Arie van Geest - Martijn te Winkel |
|
« terug naar Catalogi
Beweeg de muiswijzer over de afbeelding om de achterzijde te zien
|
|
Begeleidende tekst van de uitnodiging:
Face à Face, Galerie Delta, Rotterdam
|
Hoeveel caprices kan een tekening verdragen?
Afgelopen zomer besloot Arie van Geest zich aan het avontuur te wagen. Hij wist hoe inventief Martijn te Winkel met bestaand beeldmateriaal kon omgaan: de kunstgeschiedenis, de glamour, de reclame, de actualiteit - niets was voor hem
heilig. Van Geest waardeerde Te Winkels gedreven onbevangenheid. En toen deze hem liet blijken ook wel met zijn werk raad te weten, gaf hij hem vrije hand. Dat wil zeggen, hij stelde Martijn te Winkel een serie tekeningen uit de periode
1989-95 voor een nadere bewerking ter beschikking.
In augustus van dit jaar ontstond er zo een even unieke als intensieve samenwerking tussen de docent (Van Geest) en de student (Te Winkel) van de Rotterdamse Academie van Beeldende Kunsten. In deze korte werkperiode kwam er
een samenhangende serie van 26 tekeningen tot stand. Going at Work vormde het begin, Game Over? het einde. Het vraagteken typeert de gein van het project.
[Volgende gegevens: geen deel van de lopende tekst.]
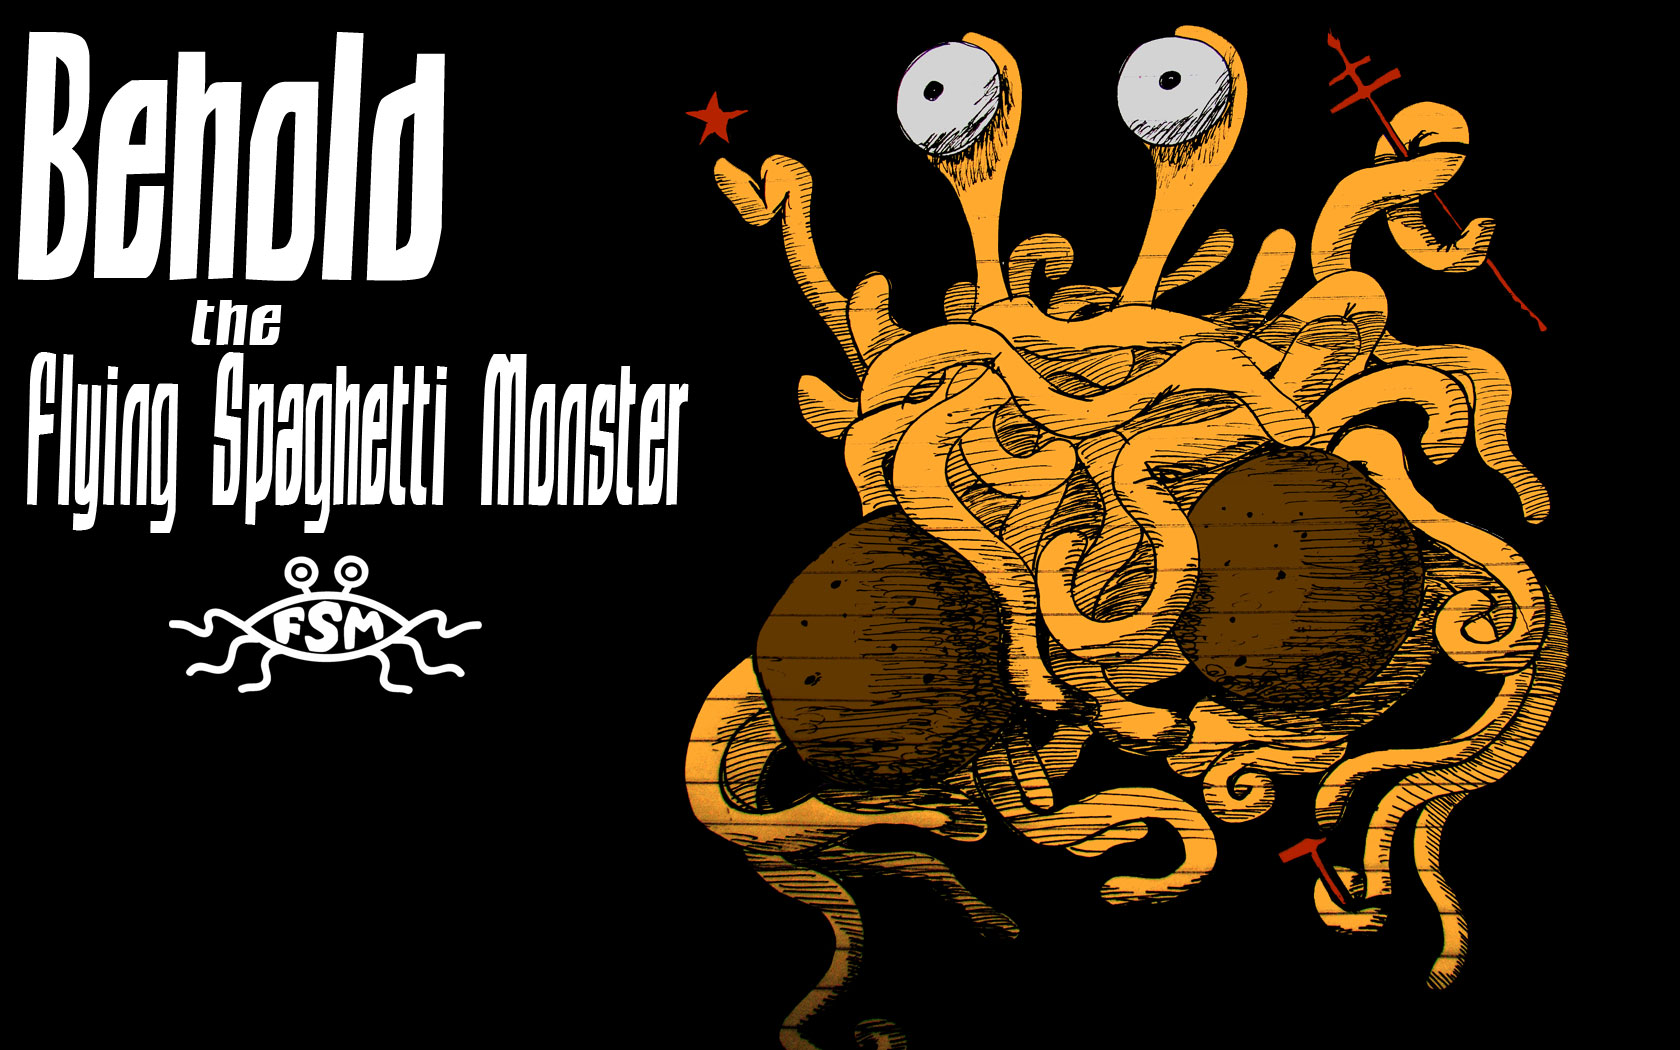 Religion Flying Spaghetti Monster Wallpaper

Maar achter het pure plezier gaat een wondere wereld schuil; het toch al zo eigenzinnige universum van Van Geest wordt plotsklaps overspoeld door aliens, door harten en diamanten, Picasso- en Margritte-achtigen, pornografica
en exotica, Monroemanie en Dianarama. Pointes worden gekeerd, perspectieven gedraaid, patronen gekanteld. Ook al hanteren beide kunstenaars een eigen handschrift, het resultaat oogt niettemin uitgebalanceerd. Te Winkel is namelijk
buitengewoon zorgvuldig te werk gegaan; hij parasiteert niet, maar verweeft zijn commentaar op een respectvolle manier met de lijnen die Van Geest had uitgezet.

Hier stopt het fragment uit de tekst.